CARMACK: It’s interesting in that the algorithms would be something that, it’s almost unfortunate in the aspect that these algorithms would take great advantage of simpler bit-level operations in many cases and they would wind up being implemented on this 32-bit floating point operation-based hardware. Hardware designed specifically for sparse voxel ray casting would be much smaller and simpler and faster than a general purpose solution but nobody in their right mind would want to make a bet like that and want to build specific hardware for technology that no one has developed content for. The idea would be that you have to have a general purpose solution that can approach all sorts of things and is at least capable of doing the algorithms necessary for this type of ray tracing operation at a decent speed. I think it’s pretty clear that that’s going to be there in the next generation. In fact, years and years ago I did an implementation of this with complete software based stuff and it was interesting; it was not competitive with what you could do with hardware, but it’s likely that I’ll be able to put something together this year probably using CUDA. If I can make something that renders a small window at a modest frame rate and we can run around some geometrically intricate sparse voxel octree world and make a 320×240 window at 10 fps and realize that on next-generation hardware that’s optimized more for doing this we can go ahead and get 1080p 60 Hz on there.

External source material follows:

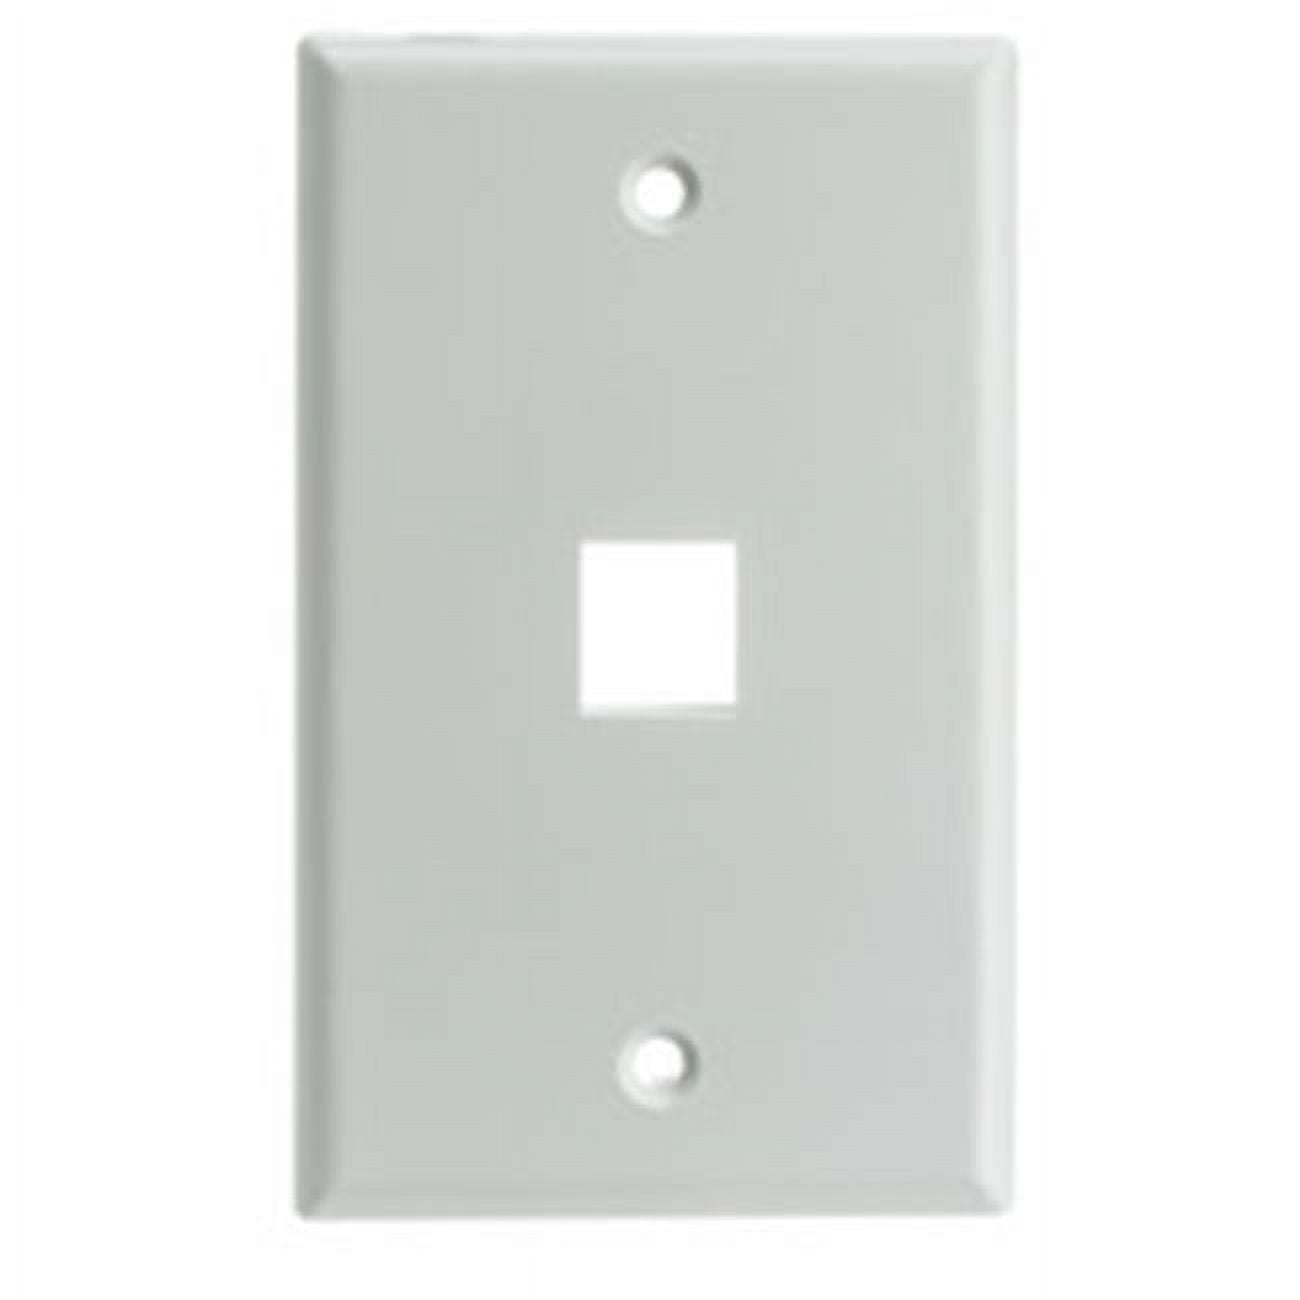 Picture of Cable Wholesale 301-6K-W 6 Port Keystone Wall Plate, Single Gang - White

That would be the justification that would make everybody sleep a whole lot of better that there is going to be some win coming out this.
PCPER: Is AMD’s tessellation engine that they put in the R600 chips anywhere close to what you are looking for?
CARMACK: No, tessellation has been one of those things up there with procedural content generation where it’s been five generations that we’ve been having people tell us it’s going to be the next big thing and it never does turn out to be the case. I can go into long expositions about why that type of data amplification is not nearly as good as general data compression that gives you the data that you really want. But I don’t think that’s the world beater; I mean certainly you can do interesting things with displacement maps on top of conventional geometry with the tessellation engine, but you have lots of seaming problems and the editing architecture for it isn’t nearly as obvious. What we want is something that you can carve up the world as continuously as you want without any respect to underlying geometry.